I Love You Only (Italian: Amo te sola) is a 1935 Italian historical drama film directed by Mario Mattoli and starring Milly, Vittorio De Sica and Giuditta Rissone.

It was shot at the Cines Studios in Rome. The film's sets were designed by the art director Gastone Medin.

==Synopsis==
The film is set in Florence in 1848, then the capital of the Grand Duchy of Tuscany in the era before Italian unification. A young Neapolitan composer arrives in the city and becomes involved with Italian patriots, planning to take part in the Revolutions that year.

==Cast==
- Milly as Grace
- Vittorio De Sica as Prof.

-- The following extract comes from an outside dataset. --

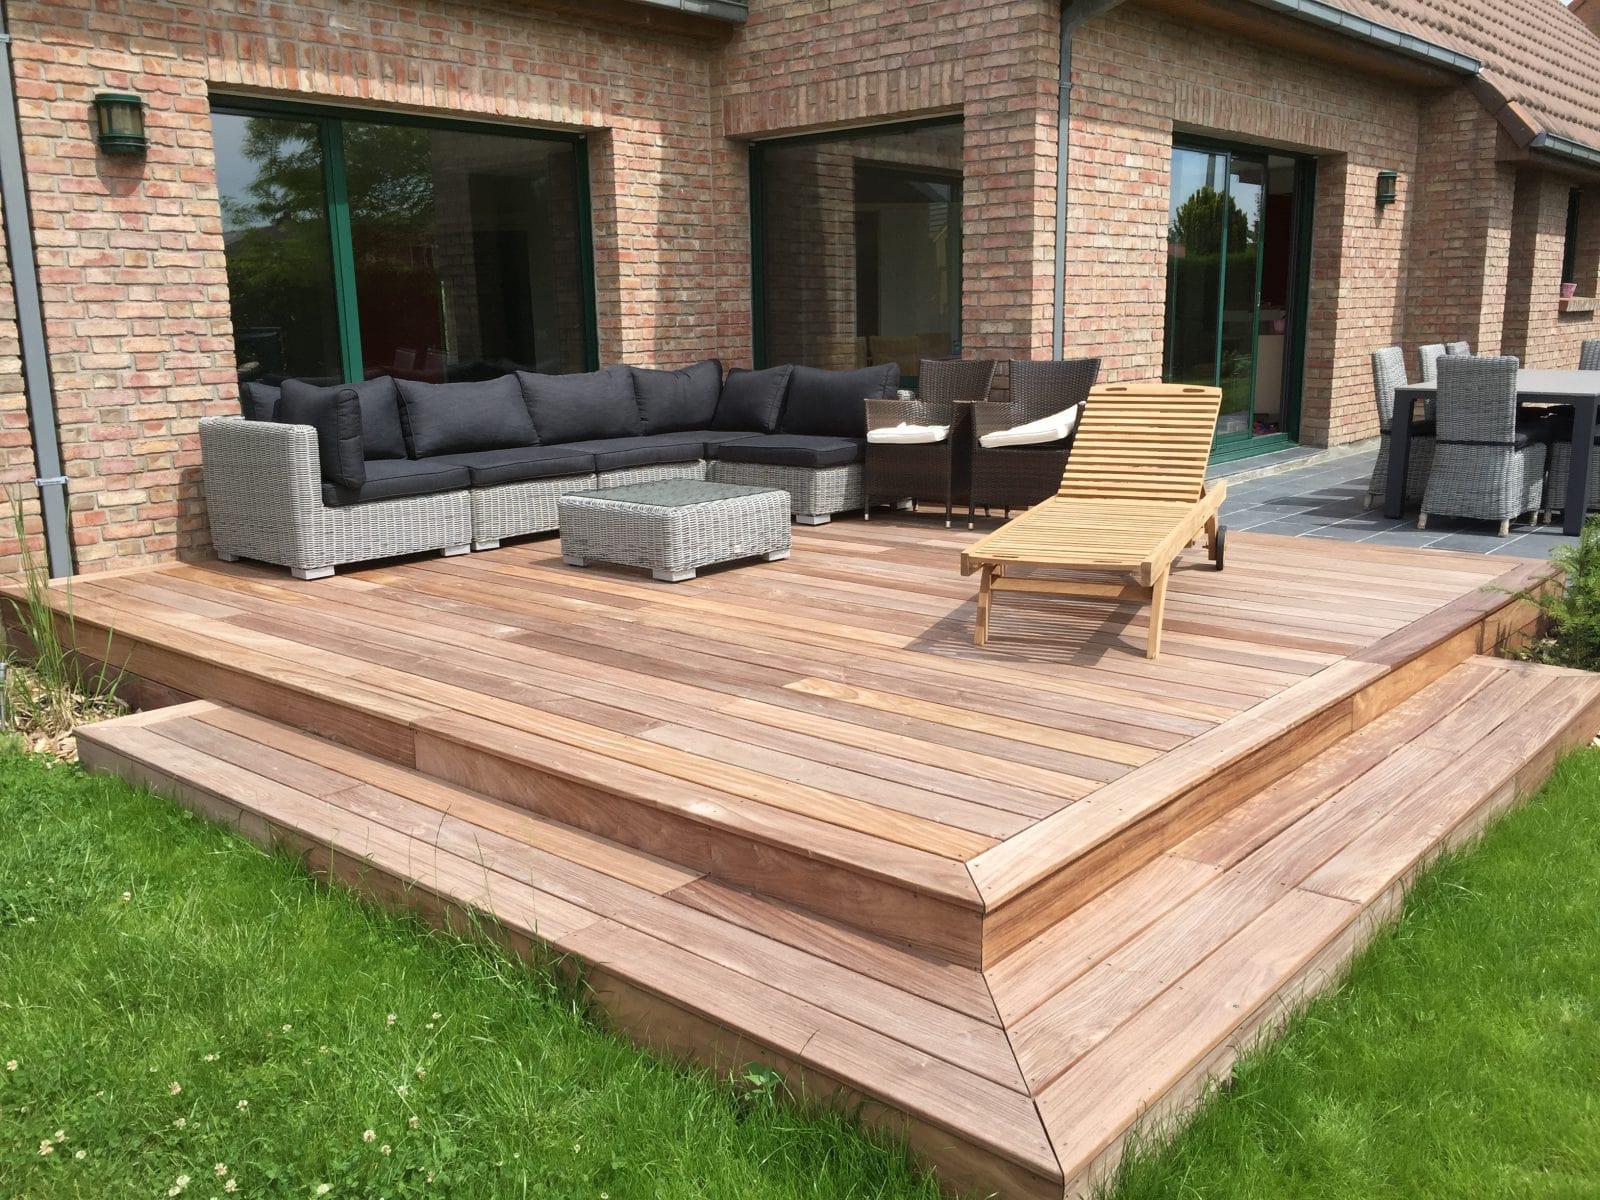 Terrasse ardoise et bois lille nord 59 paysagiste for Jardin avec terrasse

Giovanni Agano
- Enrico Viarisio as Avvocato Piccoli
- Giuditta Rissone as Aunt Giuditta
- Renato Cialente as Baron
- Ada Dondini as Carlotta
- Giovanni Barrella as Cavaliere Rivolta
- Enzo Biliotti as Opera Manager
- Carlo Ninchi as Cesare Baldi
- Guglielmo Sinaz
- Emilio Cigoli

==Bibliography==
- Goble, Alan. The Complete Index to Literary Sources in Film. Walter de Gruyter, 1999.
- Mancini, Elaine. Struggles of the Italian Film Industry During Fascism, 1930-1935. UMI Research Press, 1985.